Table 25 Performance metrics of DT-RFE, SVM-RFE and RF-RFE algorithms with 16 selected features

5 Comparison Analysis

Analysis with complete cervix data shows best results are obtained in RF, SVM and DT classifiers when data is standard scaled. Experimental results show that optimized performance is achieved with elimination of risk factors that are more irrelevant. SelectKBoost and RFE significantly approached with the attributes that are more relevance in prediction. Most significant risk factors in both SelectKBoost and RFE are Attribute 6, 7, 9, 13, 29 and 31 that appear in most of the columns. These risk factors are shown in Table 26 which contributes more in prediction.

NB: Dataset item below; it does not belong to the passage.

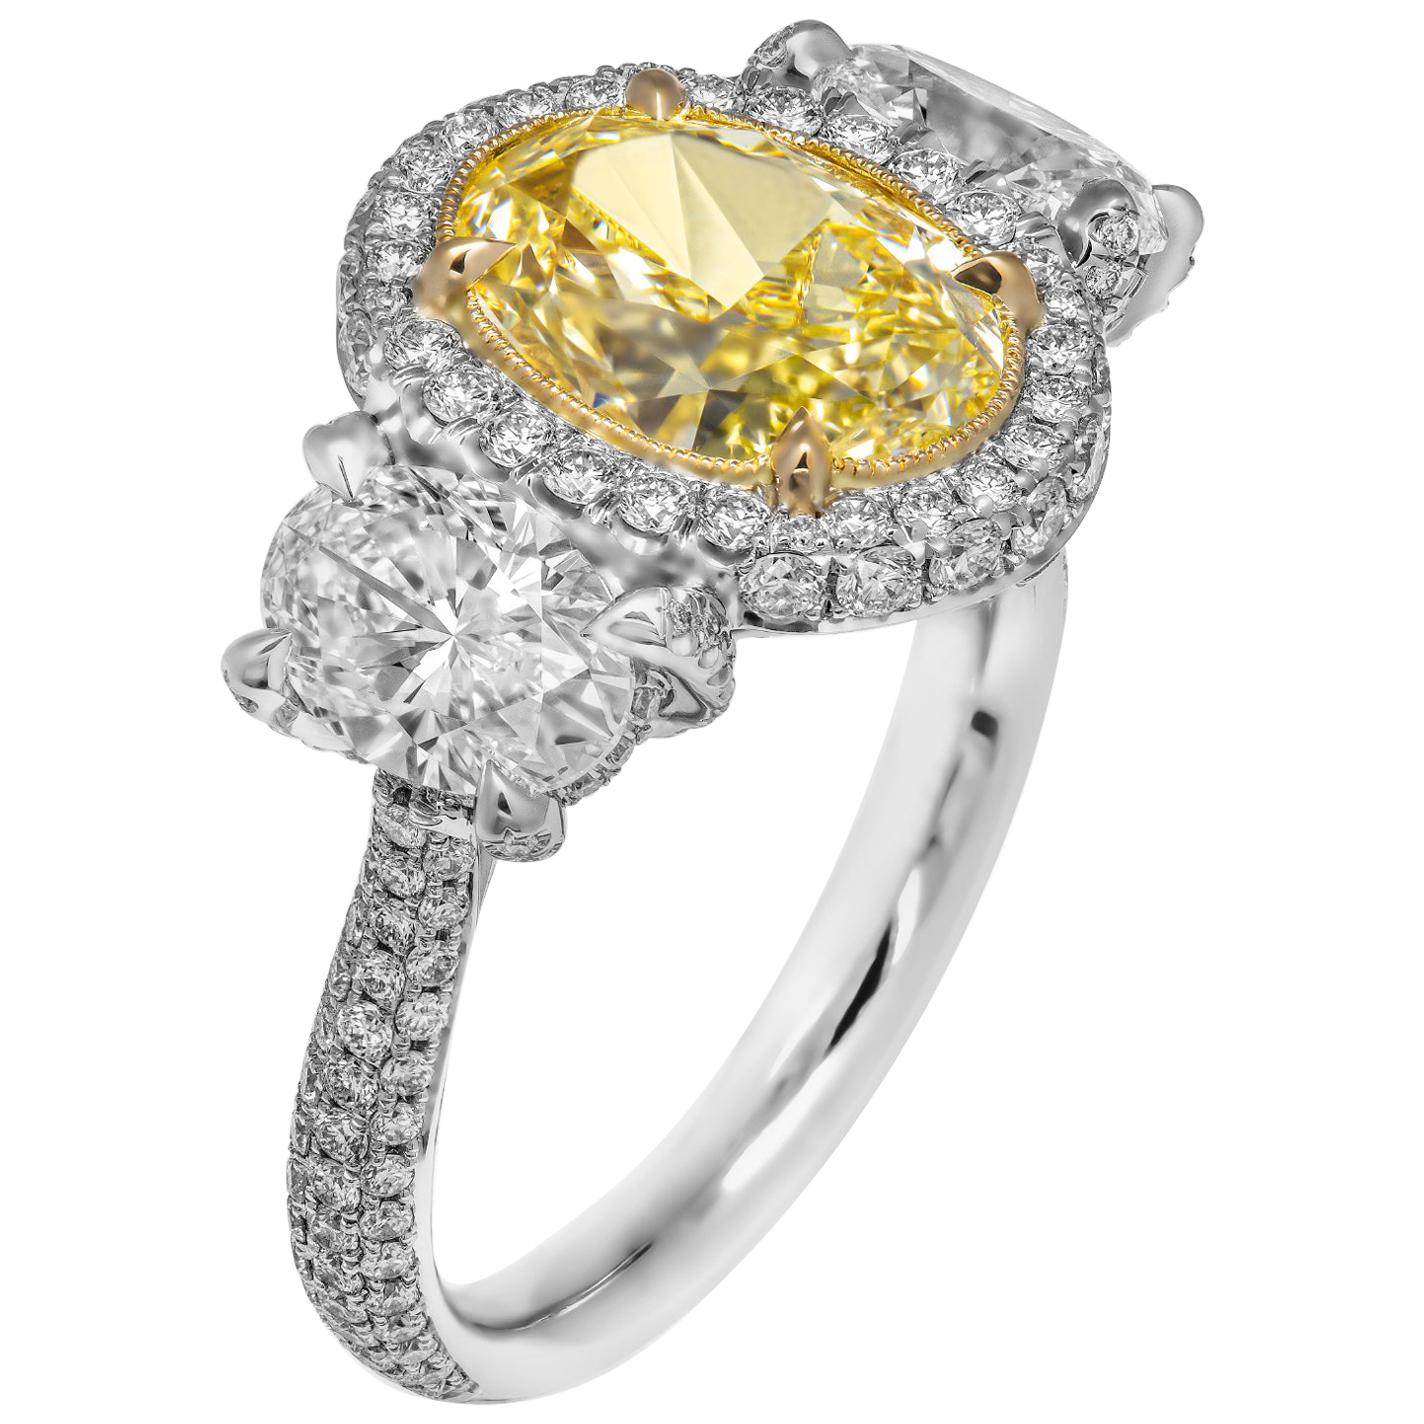 GIA-zertifizierter 3-Stein-Ring mit 3,52 Karat extravaganten hellgelben ovalen Diamanten

To make a logical comparison 16 most relevant risk factors are chosen in both SelectKBoost and RFE feature selective approach.

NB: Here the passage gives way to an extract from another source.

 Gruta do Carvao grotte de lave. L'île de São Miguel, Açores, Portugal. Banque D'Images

Table 26 Most relevant risk-factors

A detailed comprehensive performance comparison is made between the three best ML predictors i.e. RF, SVM and DT in Table 27 with all 30 risk factors, 16 risk factors obtained with SelectKBoost and 16 risk factors obtained for RF-RFE, SVM-RFE and DT-RFE. All these results are obtained on standard scaled cervix data with SMOTE for oversampling, GridSearchCV for parameter selection and fivefold cross-validation for performance scores computation. Tabular data makes a clear comparison among the implemented RF, SVM and DT classifiers with different approaches used for selecting risk factors.

Table 27 Comparison of DT, SVM and RF with 30 features, 16 features (SelectKBoost) and 16 features (RFE)

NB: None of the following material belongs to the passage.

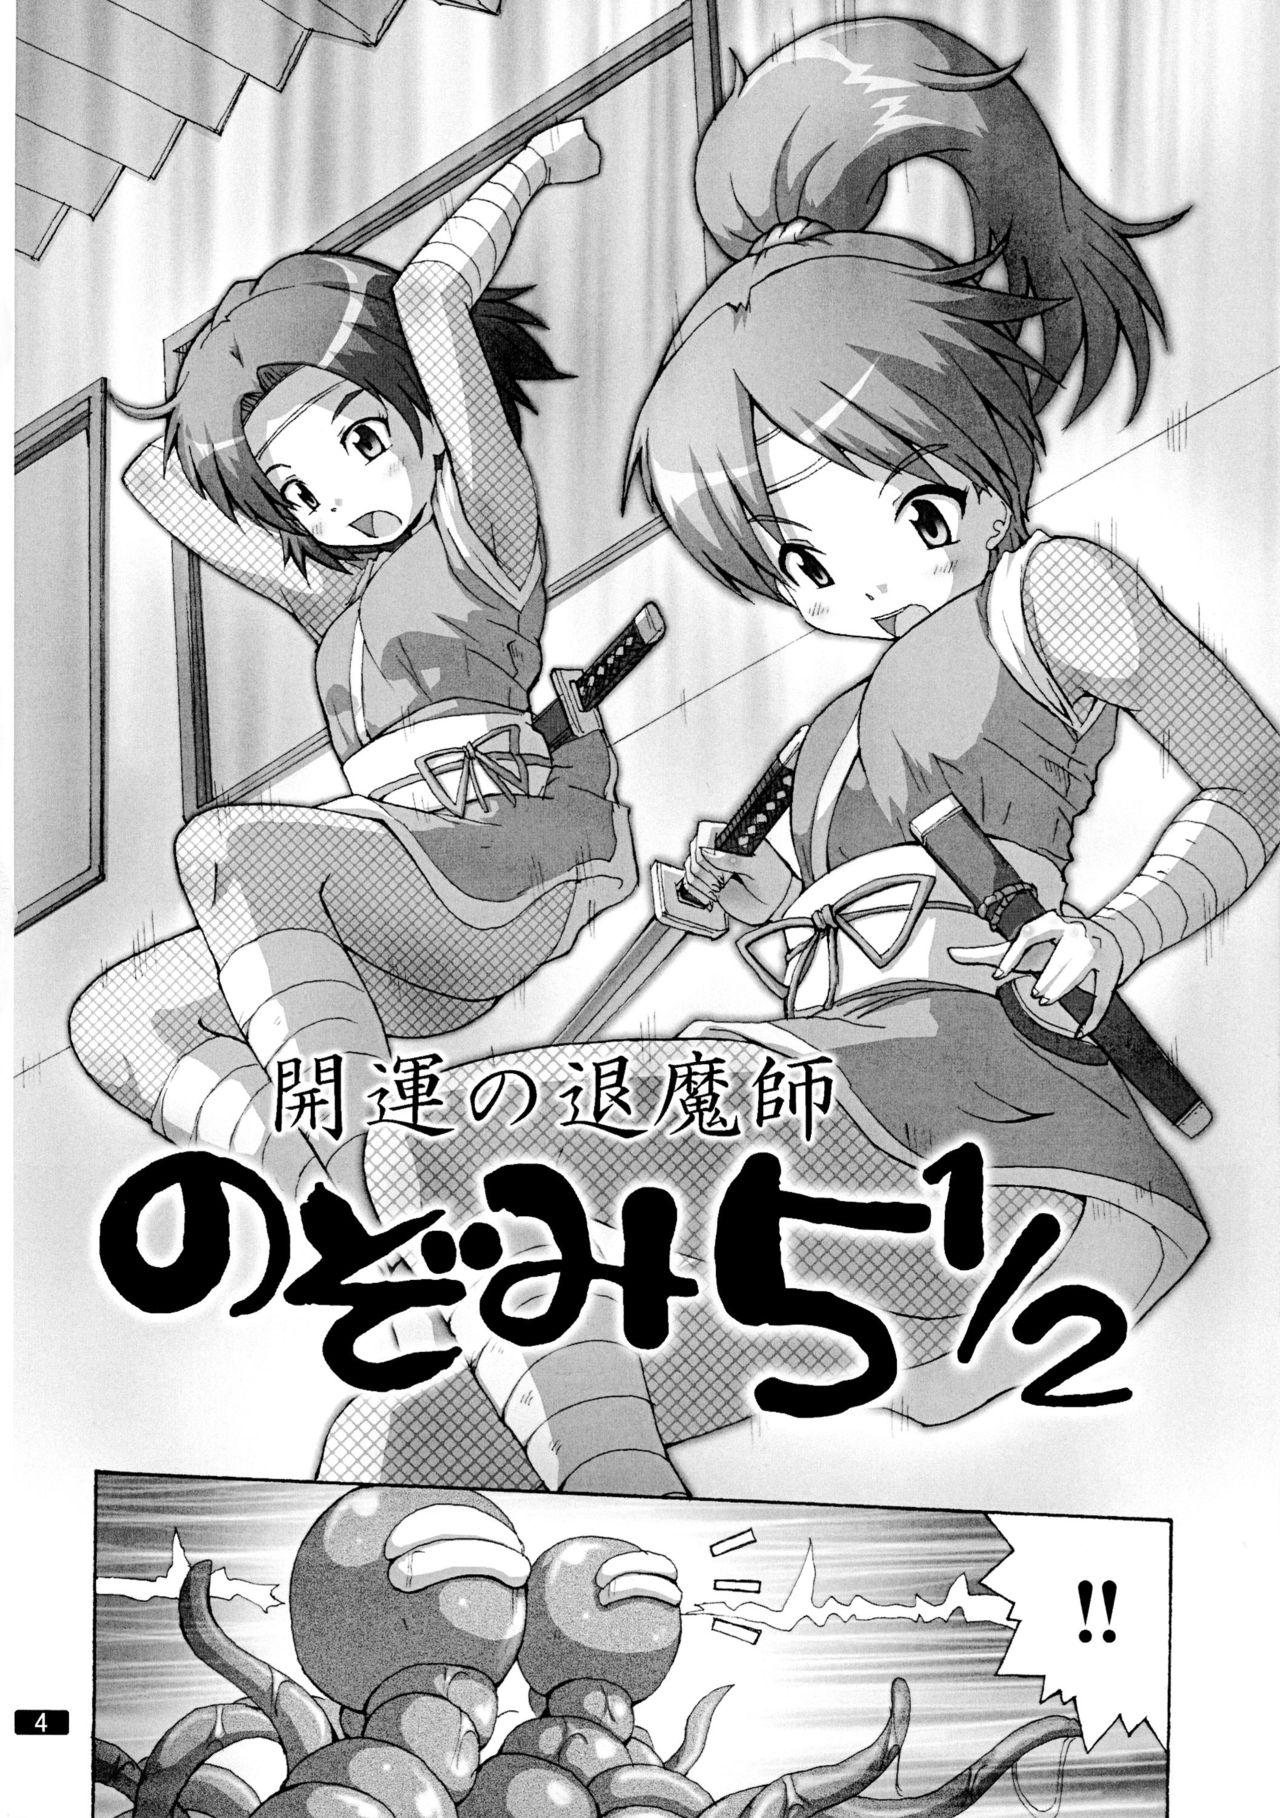 Anime Kaiun no Taimashi Nozomi 5 1/ 2 Highschool - Page 4

RF-RFE is given great results with accuracy as 99.21%, 96.13, 97.01% and 98.53% for four targets Hinselmann, Schiller, Cytology and Biopsy respectively. Other parameter for RF-RFE gives that precision is 98.5%, 95.59%, 96.27% and 98.07%, recall score is 100%, 98.4%, 98.41% and 100%, F-score is 0.99, 0.95, 0.97 and 0.97, and AUC score is 0.99, 0.98, 0.99 and 0.99 for the four target variables respectively. Figure 20 shows the comparison of accuracy for implemented ML classifiers. Performance metrics with 16 risk factors obtained from SelectKBoost approach are almost same to that obtained with complete set of features. However RFE approach significantly enhances the optimization in parameter metrics for RF, SVM and DT classifiers specifically in accuracy, precision and recall.

Fig. 20
figure 20

Accuracy comparison of implemented ML classifiers

6 Conclusion

This paper analyzes the performance of some of the most prominent ML algorithms for cervical cancer data and observes the effect of scaling on performance metrics to efficiently predict the samples of malignant type. NB, LR, KNN, SVM, LDA, MLP, DT & RF are the ML classifiers which made prediction for all 30 risk factors. RF, DT and SVM classifiers are ranked as top three that makes best prediction for all four target category with Standard scaled data, however the performance is not so much get affected with unscaled data and Min–Max scaled data except in case of normalization. Furthermore, classification is made with these predictors using relevant features having more importance in data by feature selection algorithms. RF, SVM and DT classifiers using Univariate feature selection (SelectKBoost) and RFE make the predictors more efficient compared to the classifiers using with complete set of risk factors. There is significant reduction in computational cost and time when low information risk-factors are removed from the disease diagnosis data. RFE is proven better approach than SelectKBoost and the performance of RF-RFE algorithm with 16 risk attributes is superior to other algorithms.